-- Working data follows --

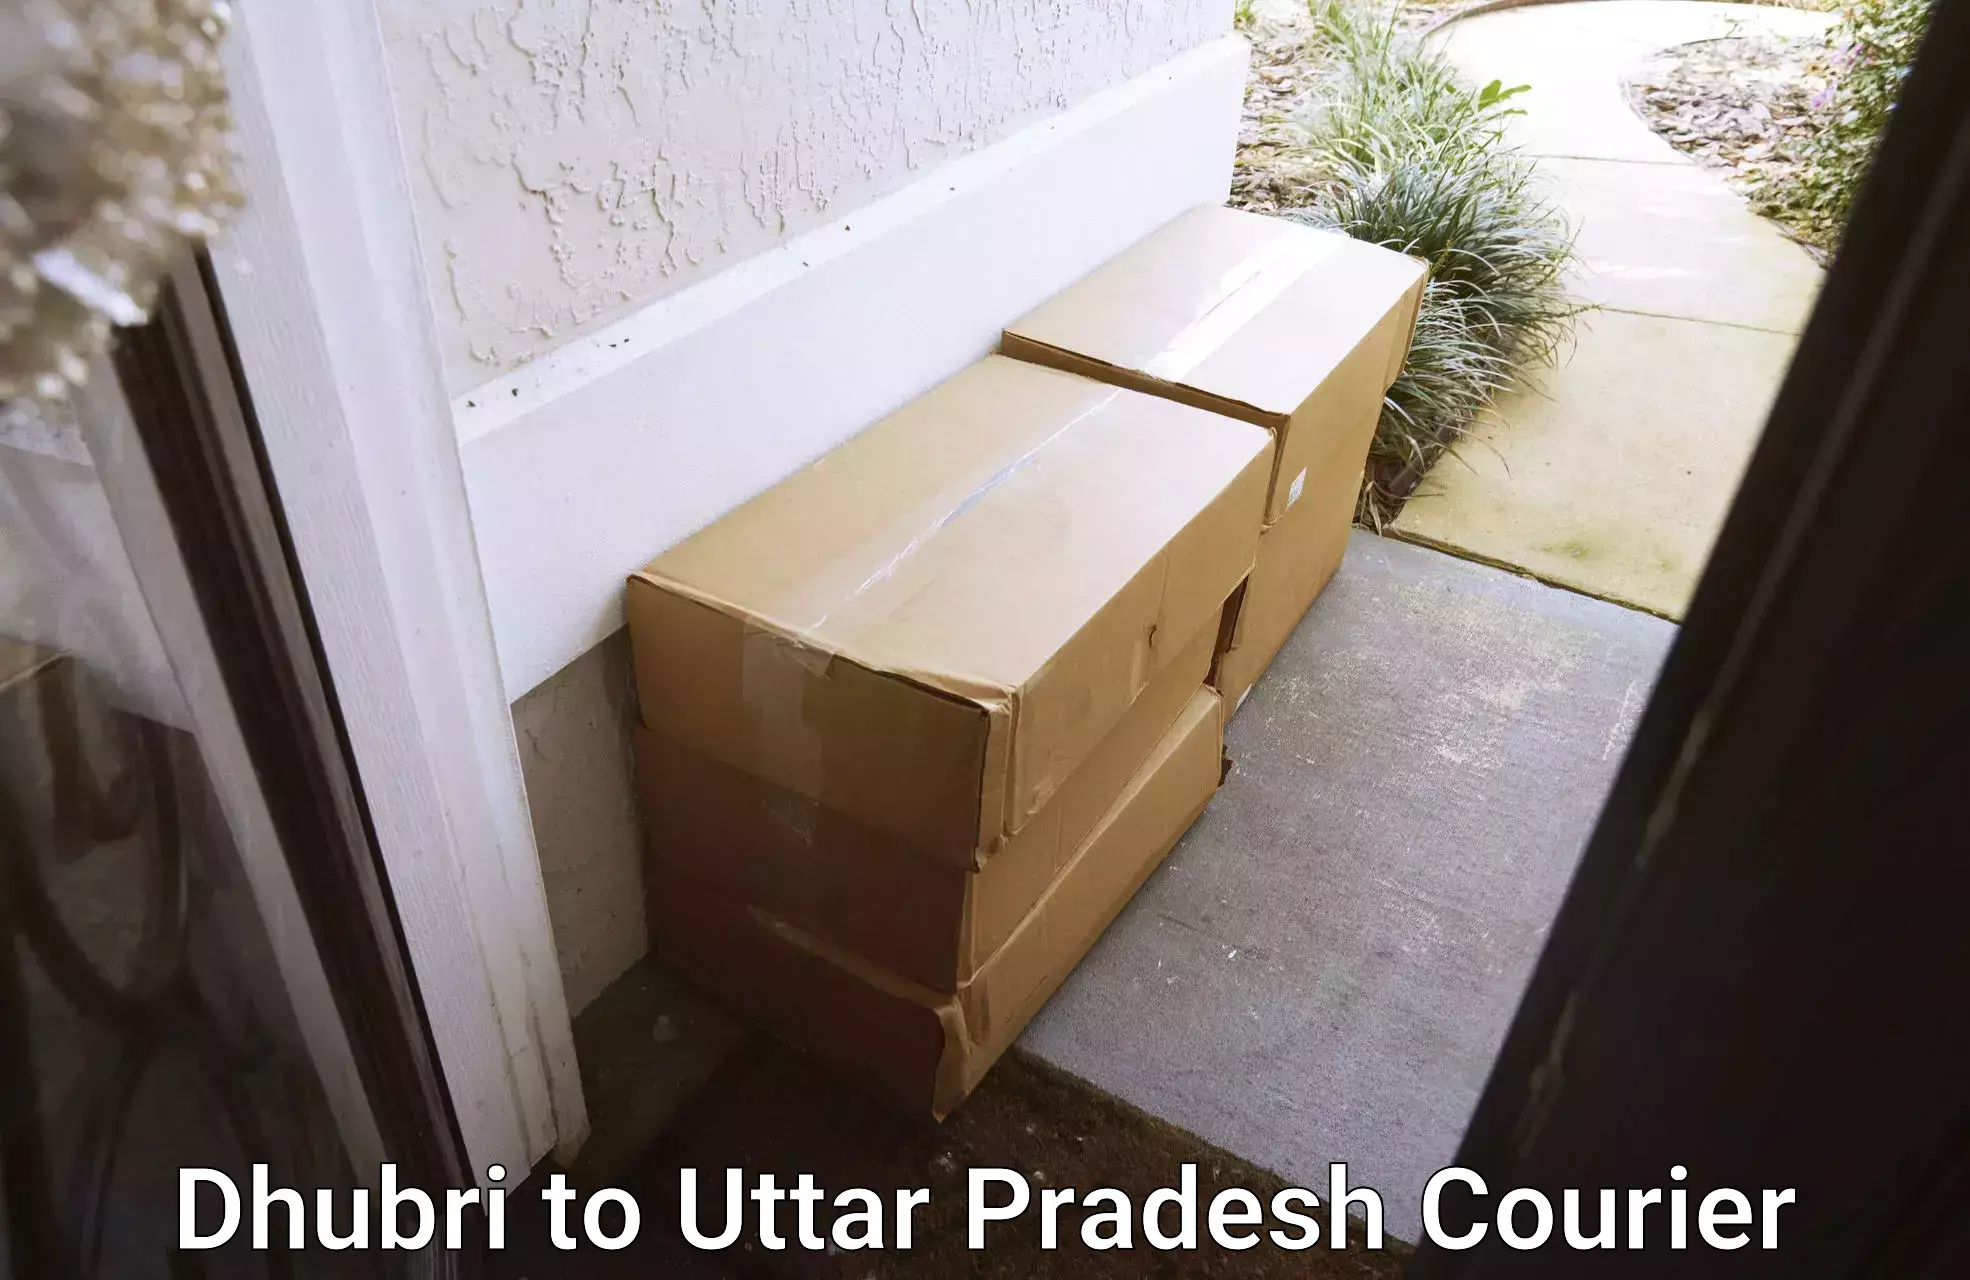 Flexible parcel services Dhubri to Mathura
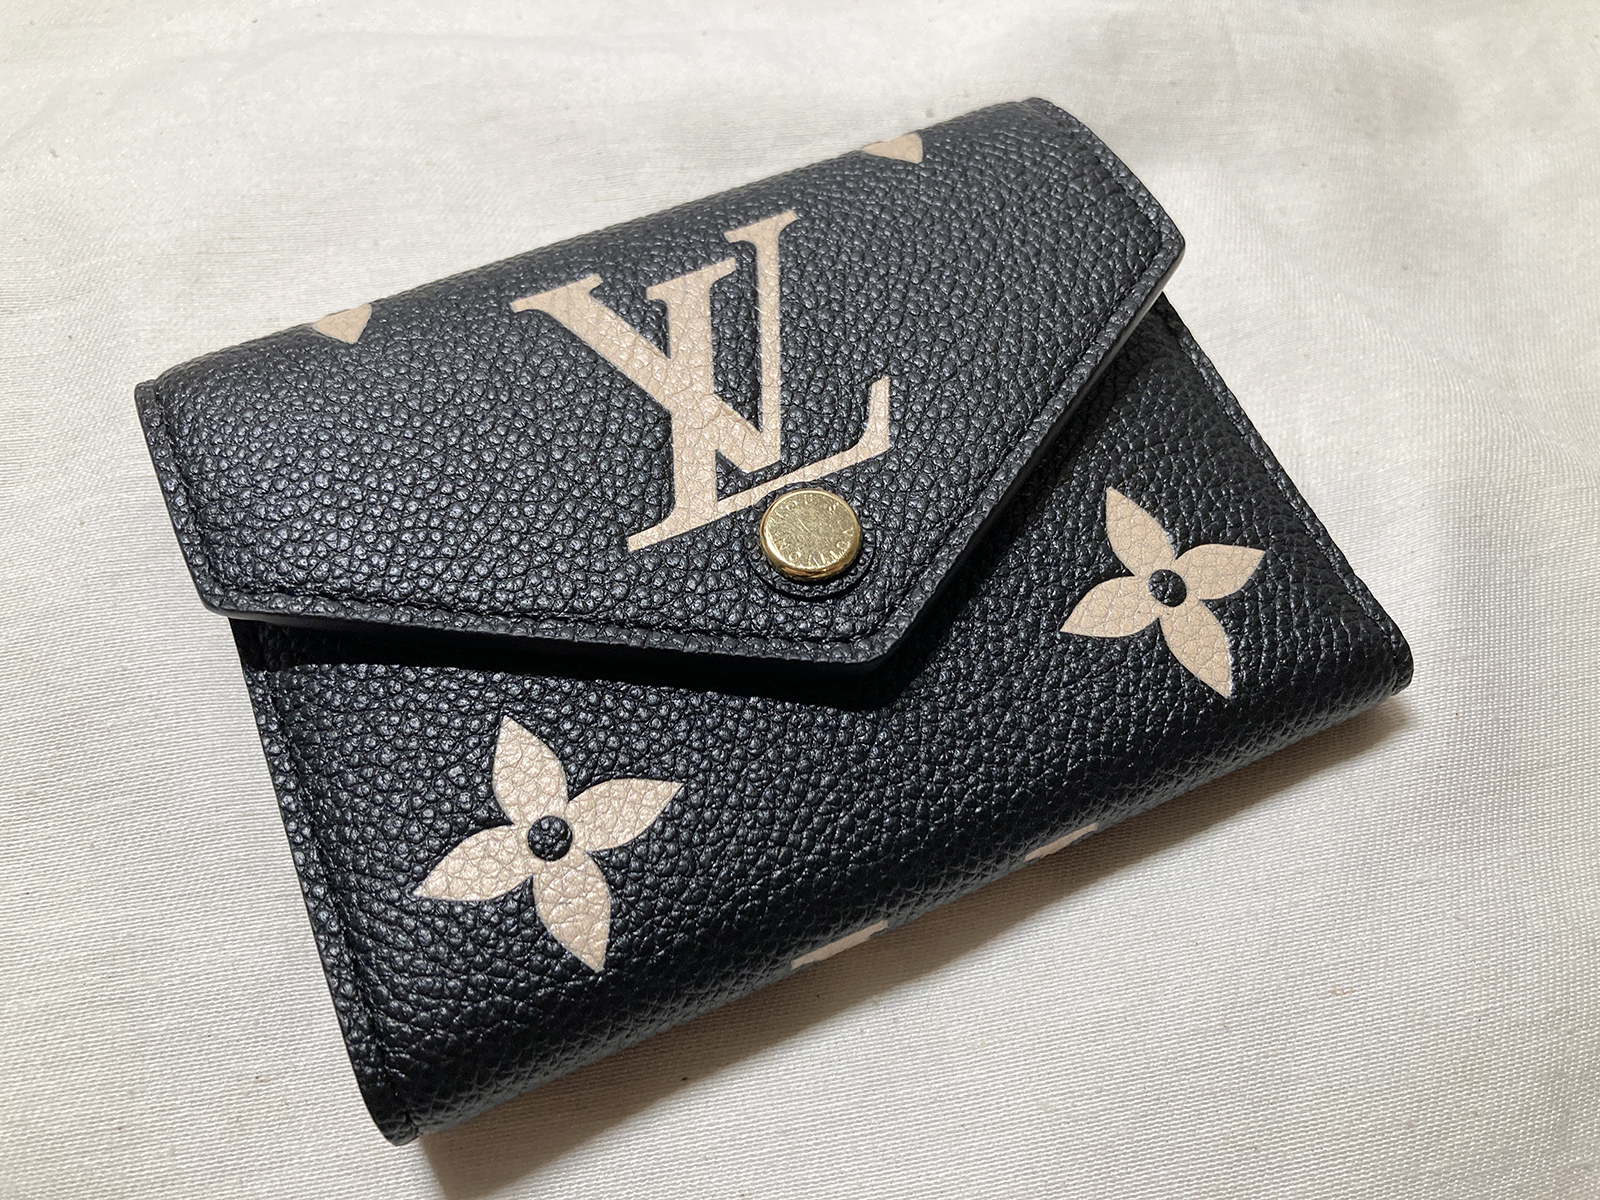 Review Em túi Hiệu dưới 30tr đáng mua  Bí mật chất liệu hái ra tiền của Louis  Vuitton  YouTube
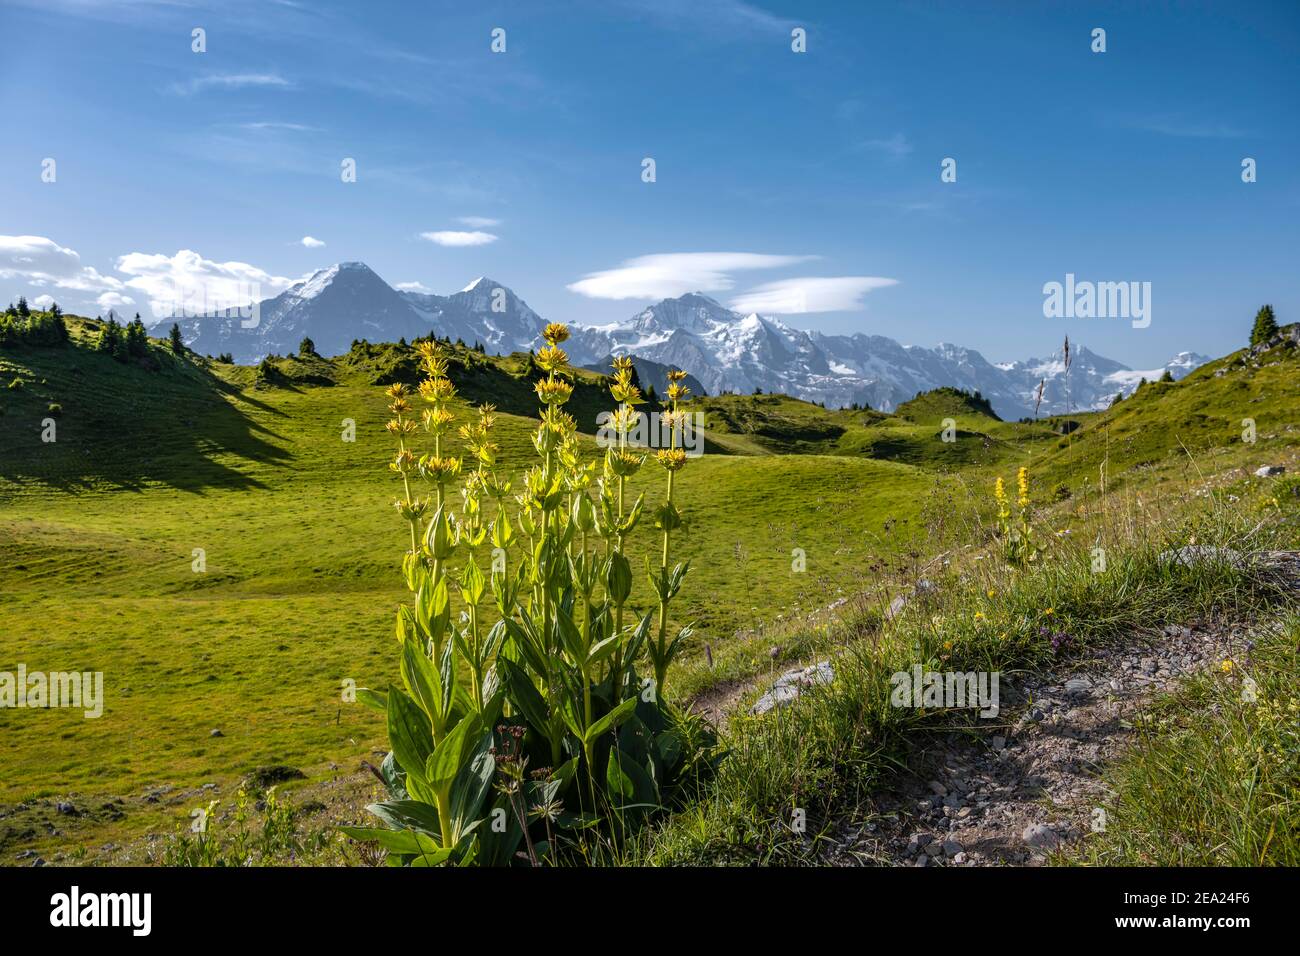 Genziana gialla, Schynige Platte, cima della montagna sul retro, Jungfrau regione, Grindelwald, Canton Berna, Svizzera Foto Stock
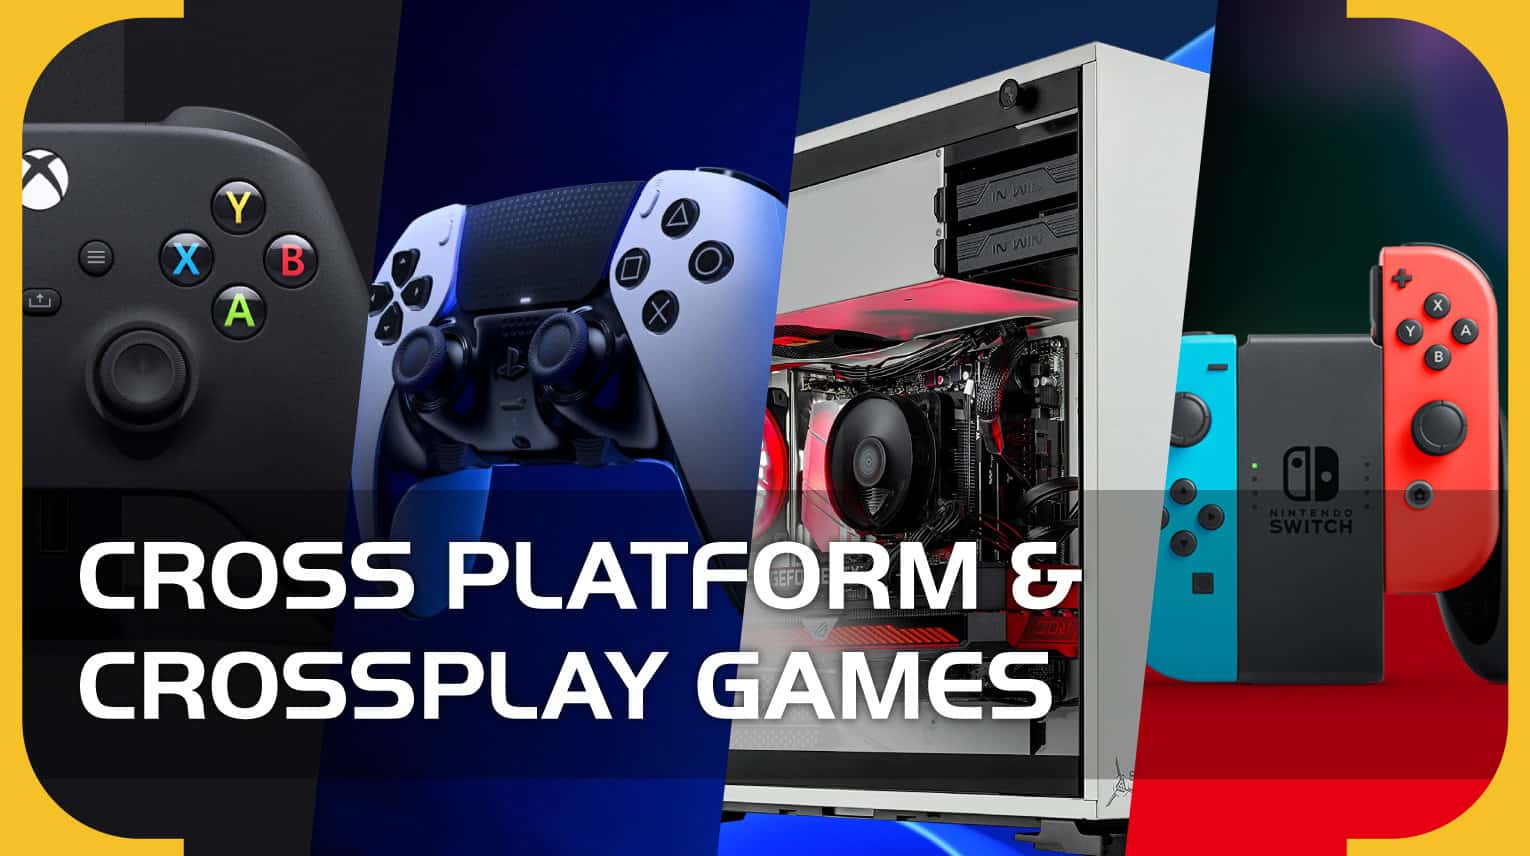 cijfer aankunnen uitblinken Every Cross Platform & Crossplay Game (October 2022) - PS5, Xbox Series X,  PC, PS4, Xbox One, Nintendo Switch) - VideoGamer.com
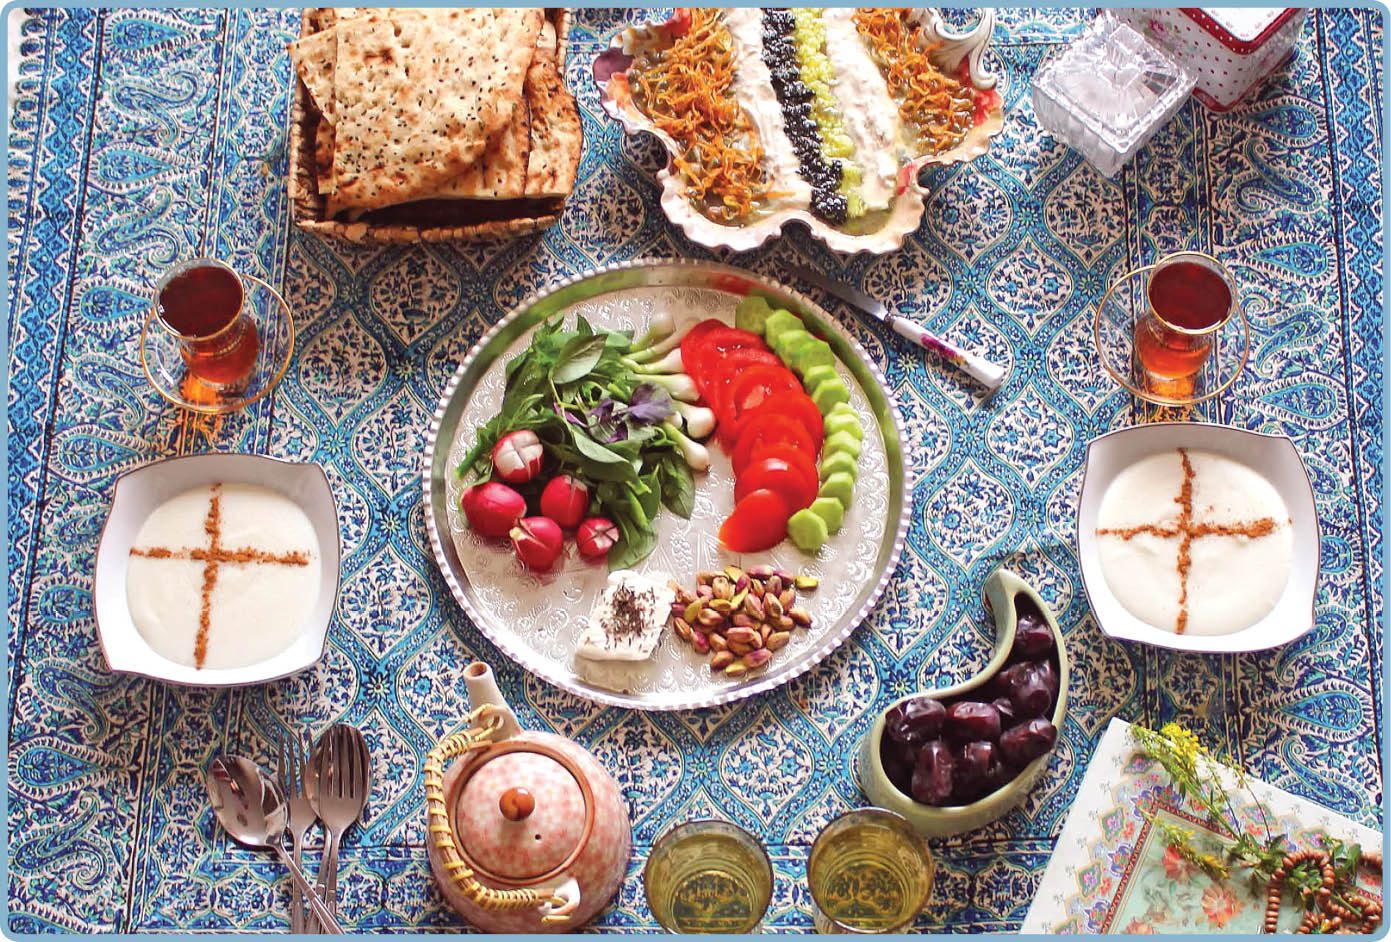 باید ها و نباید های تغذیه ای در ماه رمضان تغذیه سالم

-- Working data concluded --

Retype all of the entries exactly as written, leaving out any images.

 Flexible parcel services Dhubri to Mathura
 Review Em túi Hiệu dưới 30tr đáng mua  Bí mật chất liệu hái ra tiền của Louis  Vuitton  YouTube
 Genziana gialla, Schynige Platte, cima della montagna sul retro, Jungfrau regione, Grindelwald, Canton Berna, Svizzera Foto Stock
 cijfer aankunnen uitblinken Every Cross Platform & Crossplay Game (October 2022) - PS5, Xbox Series X,  PC, PS4, Xbox One, Nintendo Switch) - VideoGamer.com
 باید ها و نباید های تغذیه ای در ماه رمضان تغذیه سالم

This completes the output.